Bei der Eröffnung der Anstalt am 12. Juli 1905 lobte Prinzregent Luitpold, Dr. Vocke sei ein sehr tüchtiger Irrenarzt und habe sich besondere Verdienste um den mustergültigen Ausbau der Anstalt nach neuesten wissenschaftlichen Gesichtspunkten erworben. Auch in der Presse wurde die neue Anstalt gelobt: „Unstreitig ist Eglfing gegenwärtig die mustergültigste Landesirrenanstalt der Welt.“ (zit. Nach Psychiatrisch-Neurologische Wochenschrift Nr. 8 von 1906, Seite 114)

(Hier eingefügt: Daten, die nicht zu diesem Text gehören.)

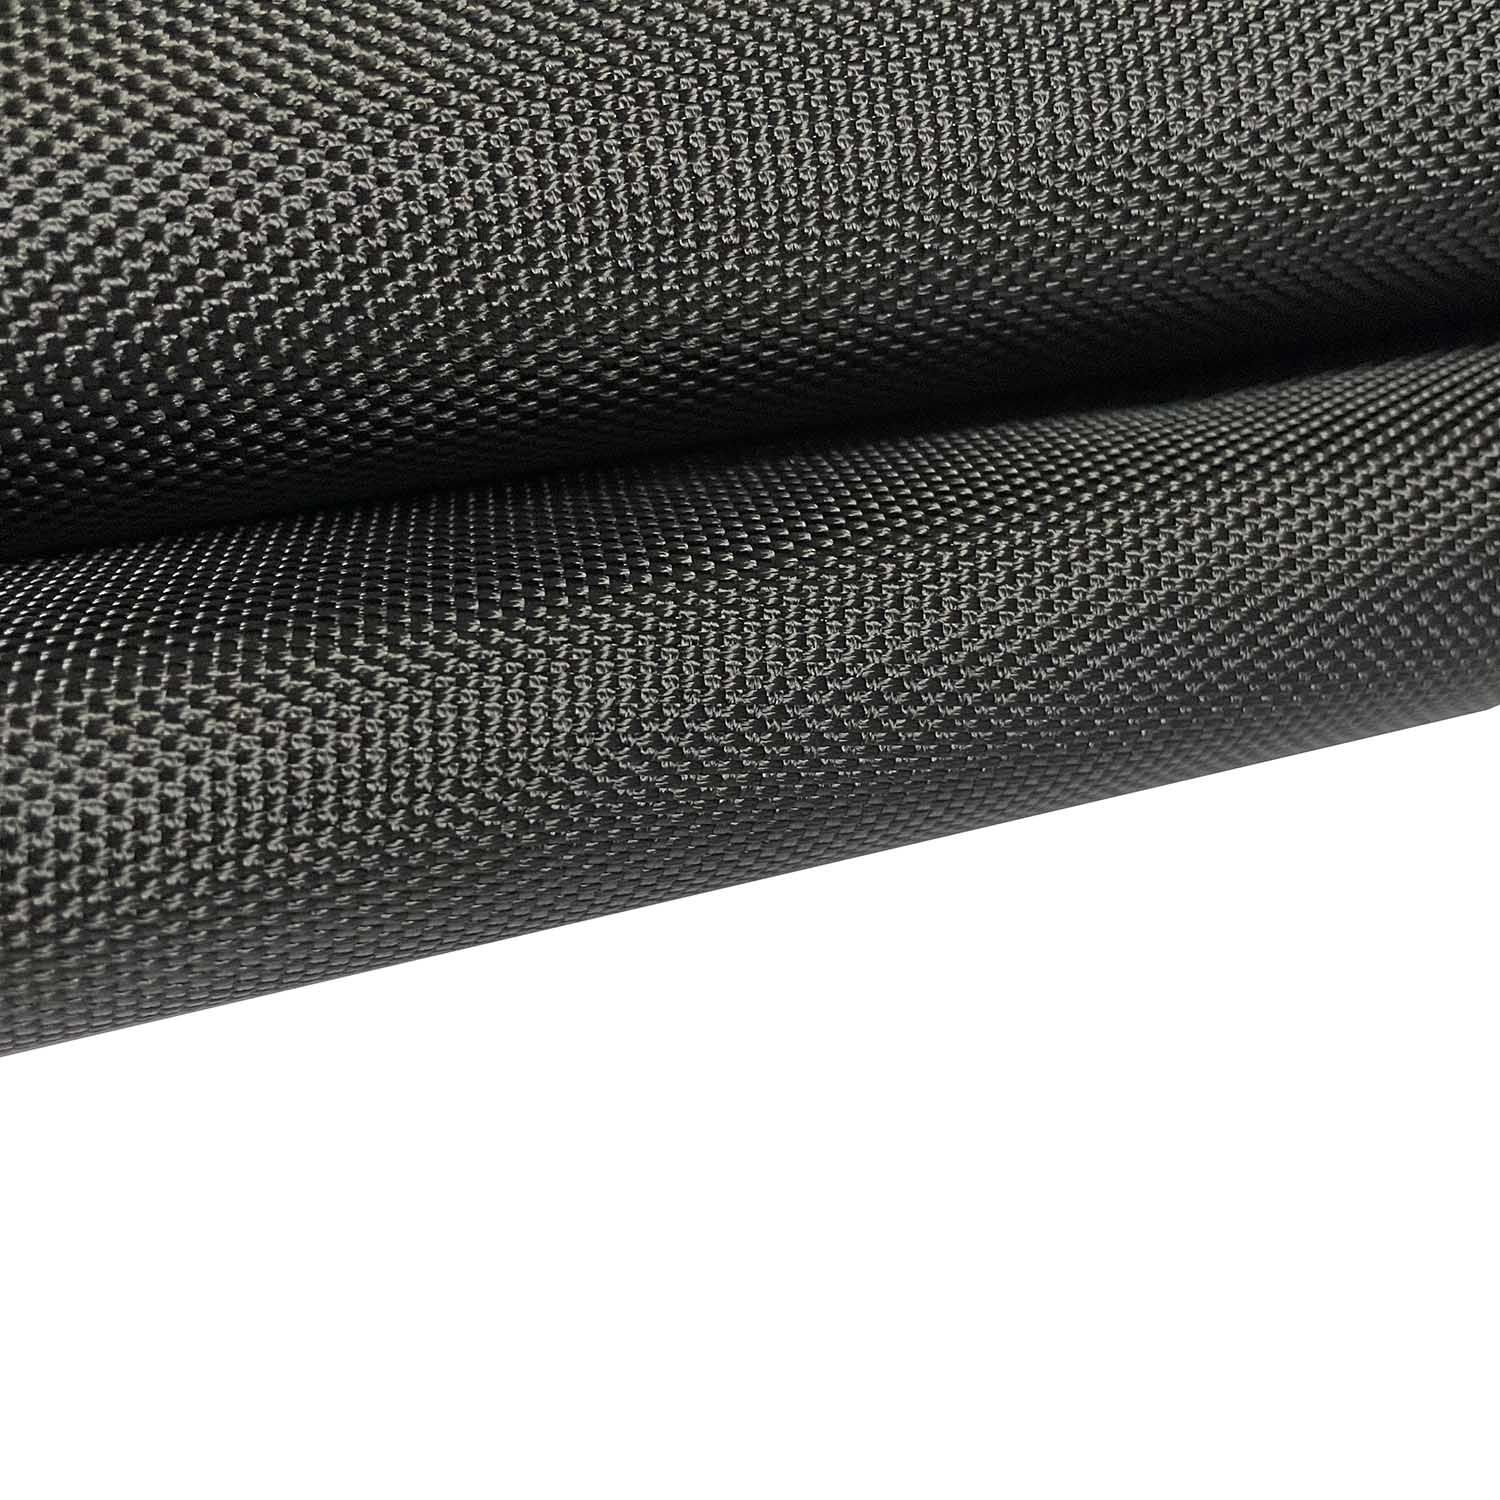 1680D polyester oxford-tyg med PVC-belagd för kameraväska

Bereits 1909 war die „Heil- und Pflegeanstalt Eglfing“ mit 1.350 Betten voll belegt und nicht mehr erweiterungsfähig, sodass 1912 auf dem unmittelbar angrenzenden Gelände die „Heil- und Pflegeanstalt Haar“ mit etwa 900 Betten, darunter auch ein Kinderkrankenhaus, eröffnet wurde. Auch hier brachte sich Dr. Vocke ein und plante die neue Anstalt gemeinsam mit dem Architekten Richard Neithard (Hof). Da die Baupreise gestiegen waren, entstanden in Haar größere zusammenhängende Gebäude als zuvor in Eglfing. Neithard entwarf für die „Anstalt aus einem Guß“ viele Details – vom Türgriff über die Beleuchtungskörper bis hin zu den Heizungsgittern.
Beide Anstalten waren zunächst selbständig und wurden erst 1931 zur „Heil- und Pflegeanstalt Eglfing-Haar“ mit 3.000 Plätzen zusammengelegt. Insgesamt entstanden so 96 – heute denkmalgeschützte – Gebäude im späten Jugendstil.

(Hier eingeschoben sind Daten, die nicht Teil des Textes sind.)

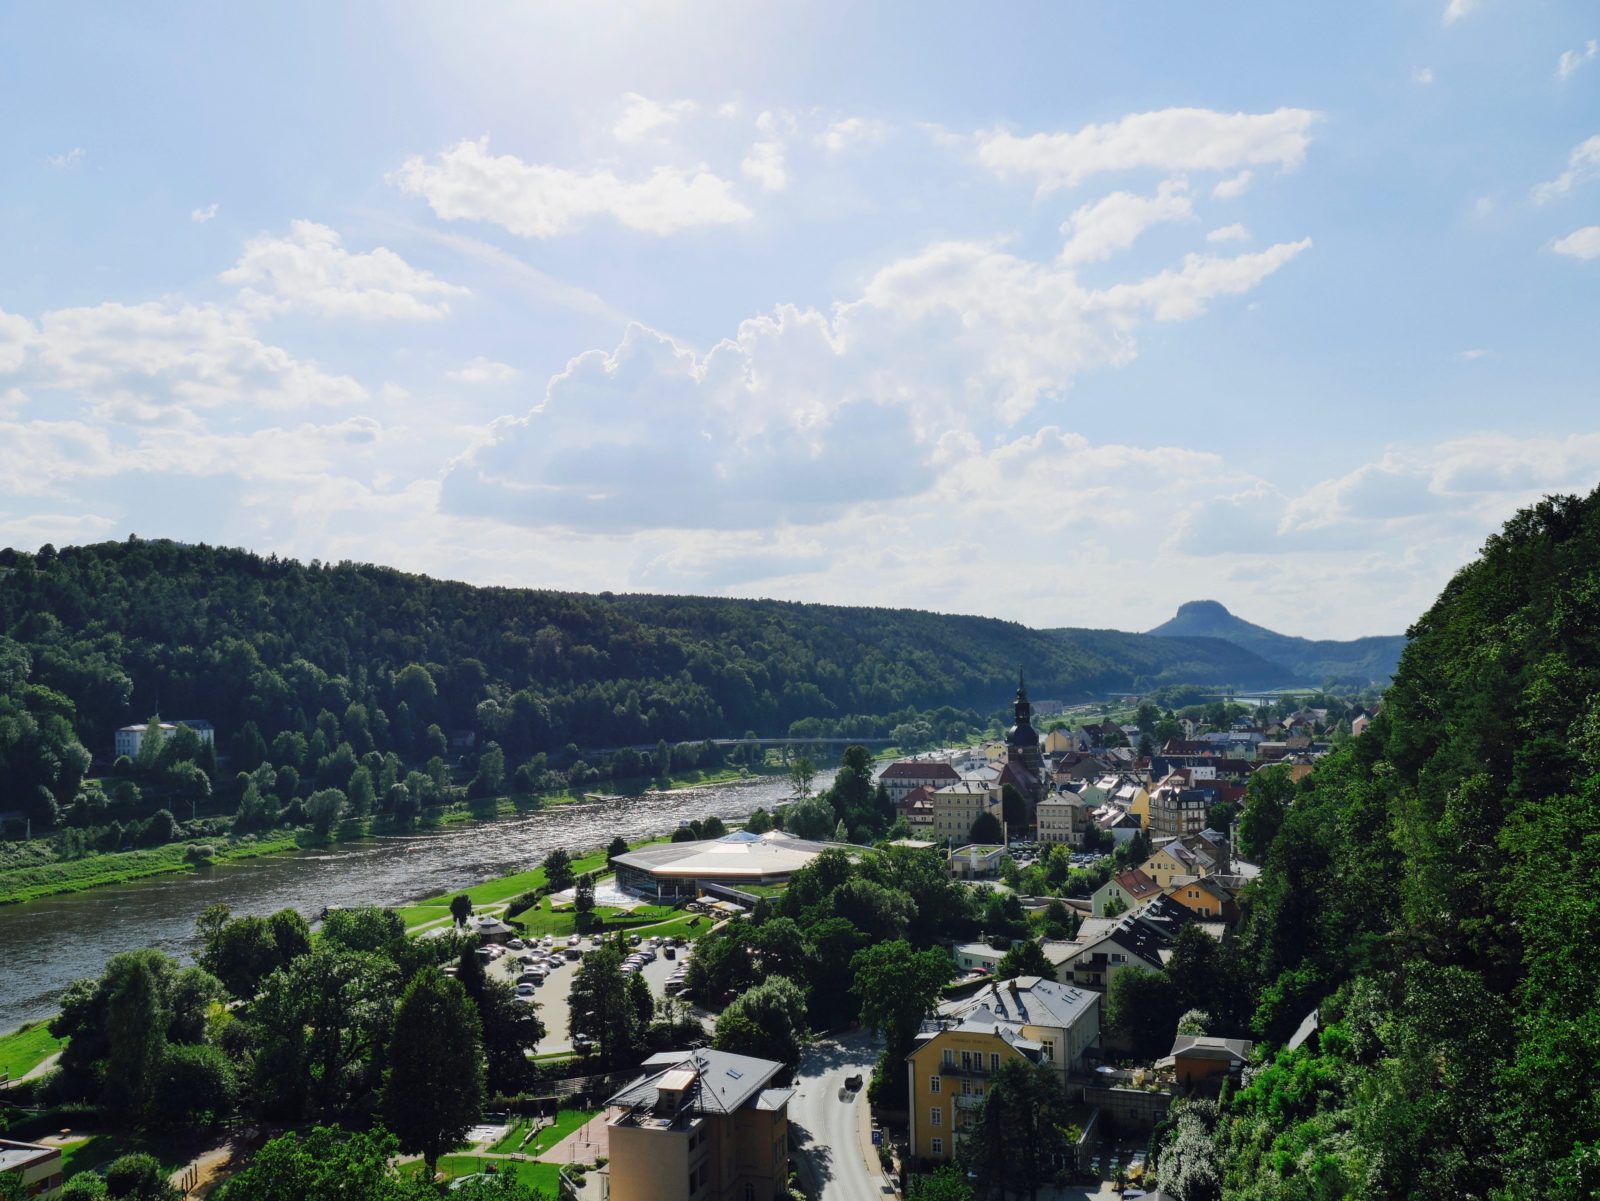 Ein Wochenende in der Sächsischen Schweiz: Hoteltip, Wandern zur Bastei, Dampfschifffahrt, Fahrradtour und vieles mehr!

Als Würdigung der Verdienste von Friedrich Vocke wurde eine Straße nach ihm benannt. So haben einige Haarer Bürger „Vocke“ in ihrer Wohnadresse stehen, denn die Hauptverkehrsstraße von Nord nach Süd, eine Bundesstraße, trennt als „Vockestraße“ die ehemaligen Anstalten Eglfing ("Haar I") und Haar ("Haar II") in Ost-West Richtung.
Auf dem Gelände können neben der evangelischen Kirche zwei Mahnmale besucht werden, die der Opfer der NS-Zeit gedenken. Im Rahmen der nationalsozialistischen „Euthanasie“- Aktionen wurden zwischen 1939 und 1945 etwa 300.000 Menschen mit psychischen Erkrankungen und Behinderungen ermordet. Ein zentraler Ort der Selektion und teilweise auch der Tötung war die Heil- und Pflegeanstalt Eglfing-Haar. Annähernd 4.000 Menschen wurden hier ermordet oder in eine Tötungsanstalt deportiert.